I’ve had some time to look it over this week, and while I don’t have every answer, I do think it makes more sense. It’s important to remember that John writes to prove that Jesus is the anointed One of God. He is God’s Son and the Word at the same time. It’s also important to remember that “He came unto His own, and His own received Him not” (1:11) and even when He was standing with them they didn’t know Him (1:26). He did, however, convince a few chosen followers to come after Him, and it’s at this point that our story begins:

And the third day there was a marriage in Cana of Galilee; and the mother of Jesus was there: 2And both Jesus was called, and his disciples, to the marriage. 3And when they wanted wine, the mother of Jesus saith unto him, They have no wine. 4Jesus saith unto her, Woman, what have I to do with thee? mine hour is not yet come.

This is part of that confusing dialogue. Why is she worried about the wine? Why does she think Jesus can solve the problem? Why does He give her such a strange answer? The answer, I think, lies in keeping this within view of the main context. Mary knew who He was (Lk. 1:31-32; 2:14-19); she was like the other Jews who waited for the Messiah to come and take over David’s throne. And now she’s done with the waiting and she wants Him to act.

But look at His response to her: “Woman, what have I to do with thee?” It does come across a little condescending in English, but let’s not forget John’s main goal: who is this man? He’s not the Son of Mary; He’s the Son of God. When the woman tries to impose her will upon God, God reminds her that she is only a woman. She may be blessed among other women, but she is still just a woman.

“What have I to do with thee?” Literally He says, Τί ἐμοὶ καὶ σοί (Ti emoi kai soi) or “What to me and to you?” There’s a similar statement used in Matthew 8:29 when Jesus confronts the demons. They ask Him “What have we to do with thee”; Τί ἡμῖν καὶ σοί or (Ti emin kai soi) “What to us and to you?” They may as well be saying, “What business do we have?” Or, as I think Jesus means with Mary, “What do we have in common?”

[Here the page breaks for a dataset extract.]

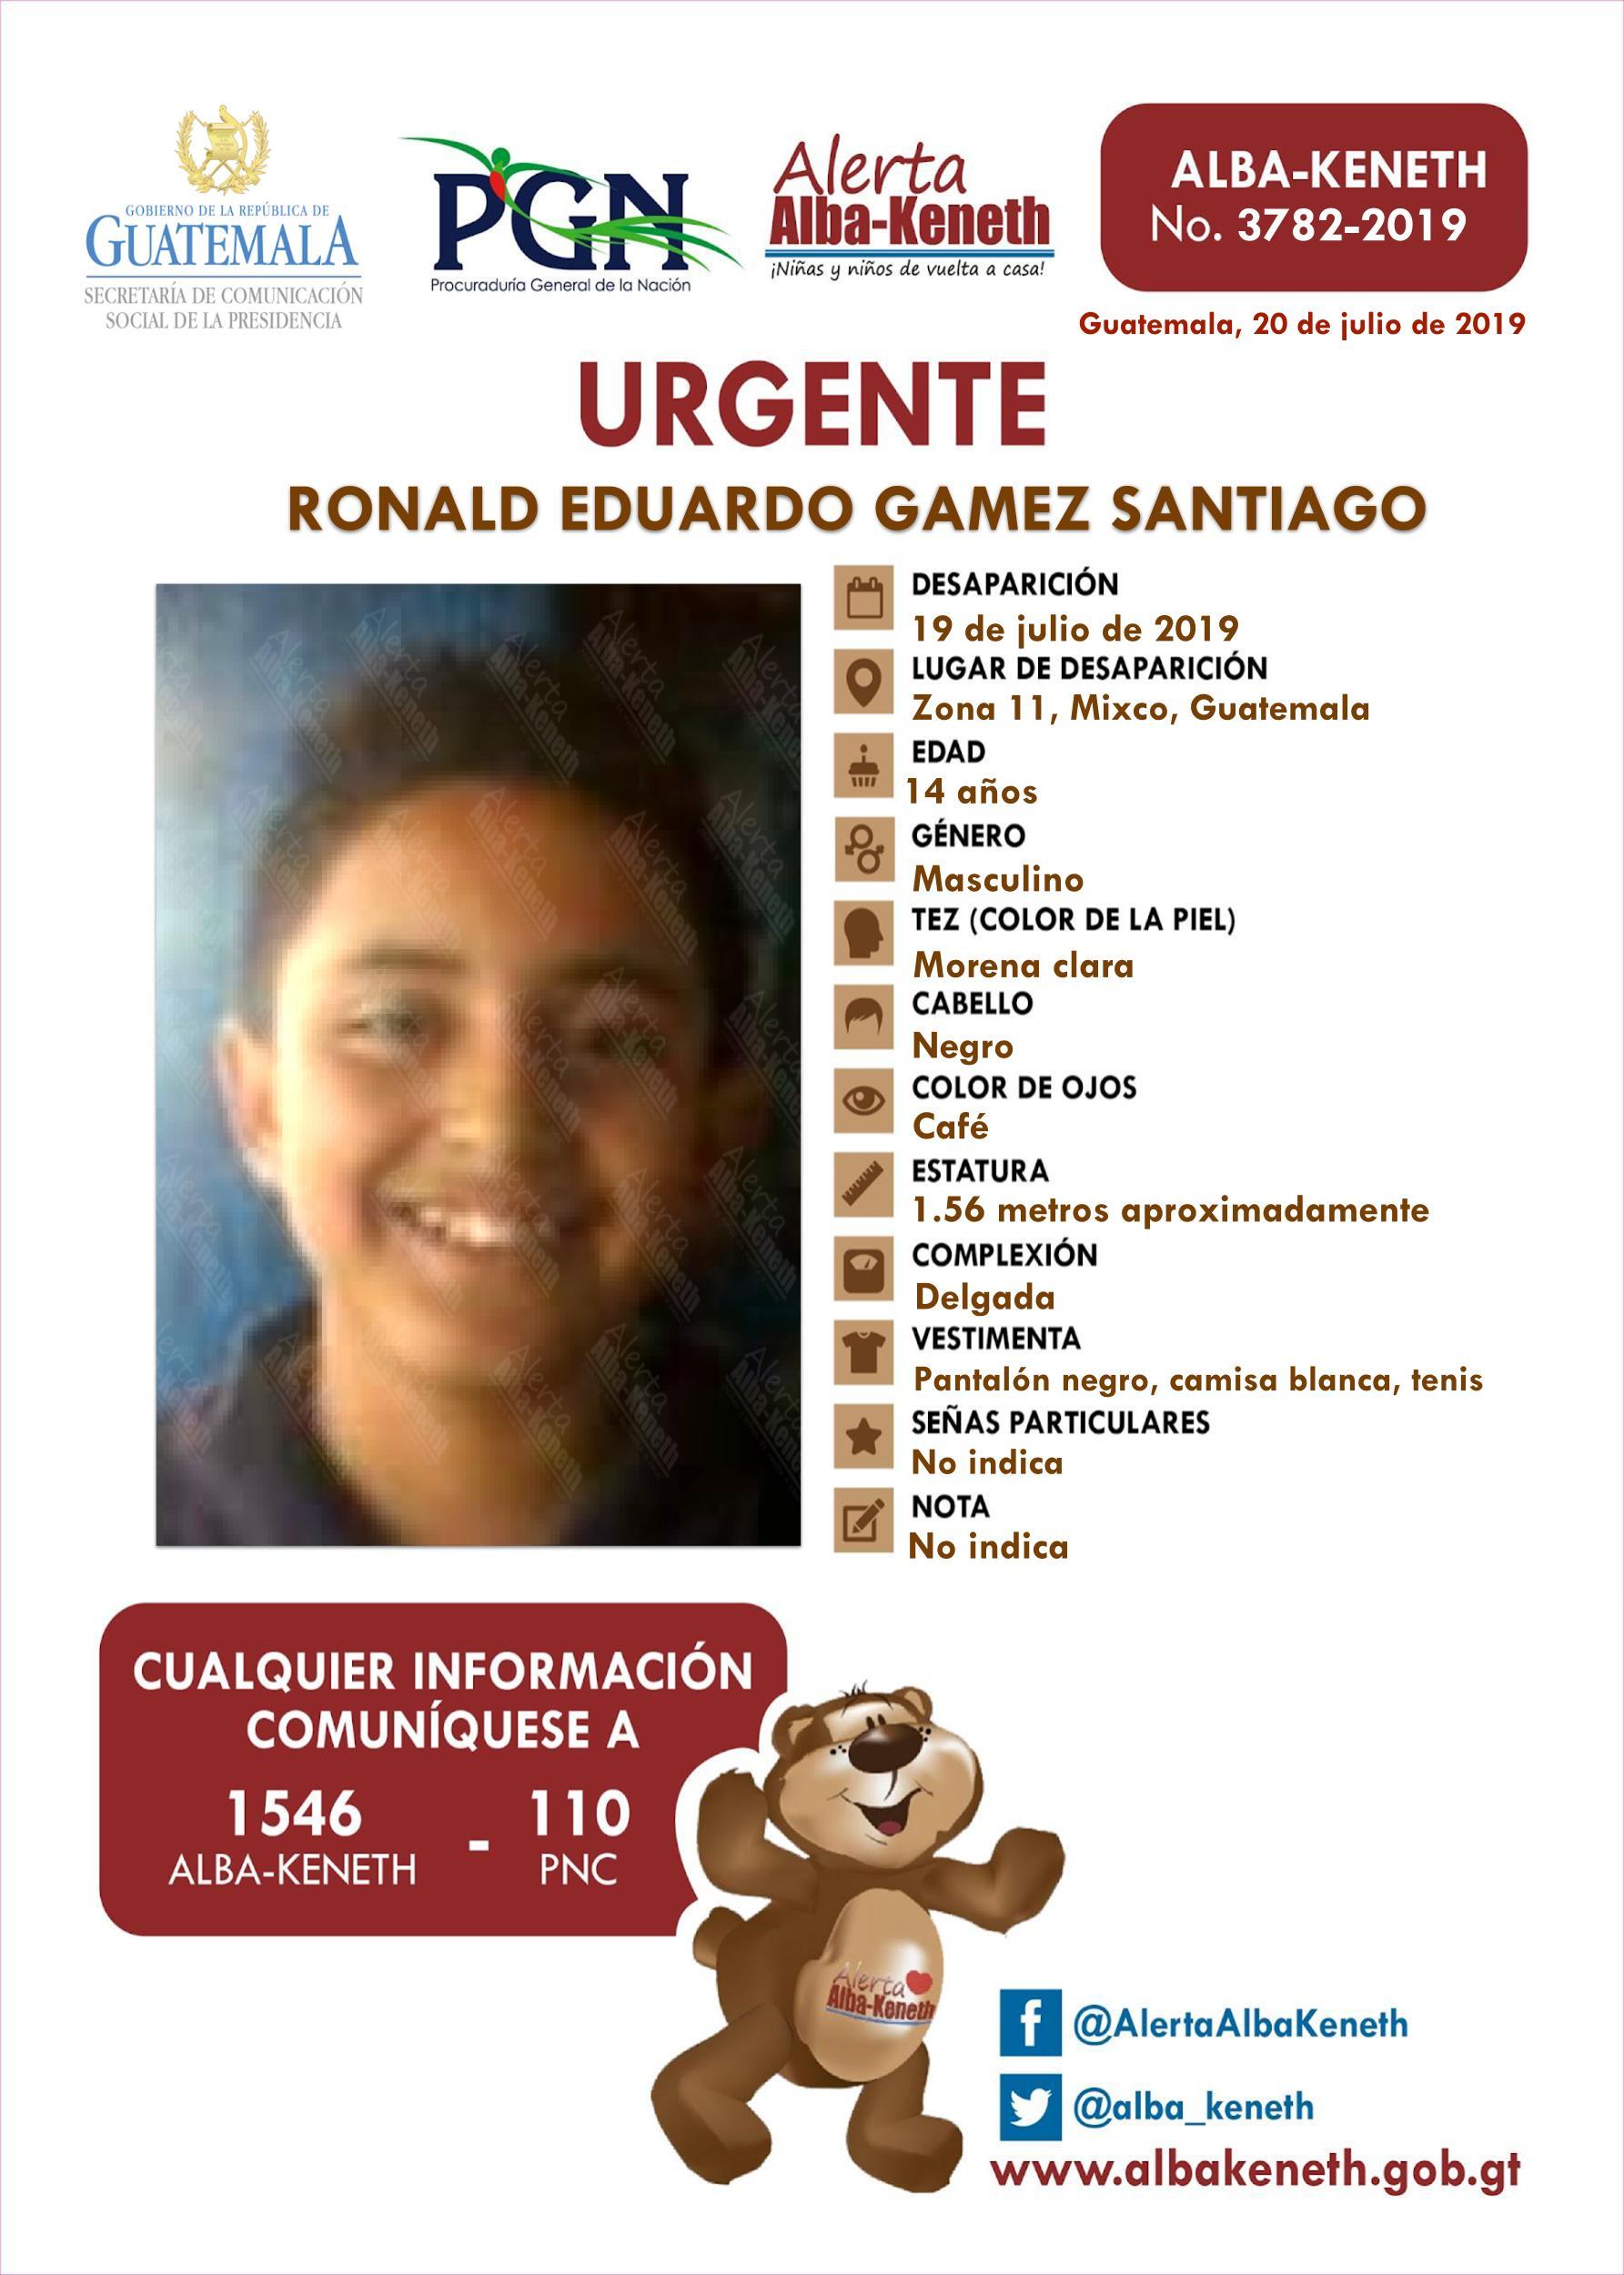 Ronald Eduardo Gamez Santiango

Mary is ready now to reveal His purpose and glory, but Jesus refuses telling her “My hour is not yet come.” That hour will come when Jesus prays “Father, the hour is come; glorify thy Son, that thy Son also may glorify thee” in John 17:1, but it’s not here yet. Don’t get confused because He goes ahead with the miracle; apparently she’s ready for Him to show the world He’s the King of Israel, but right now He’s focused on showing His disciples His glory (:11).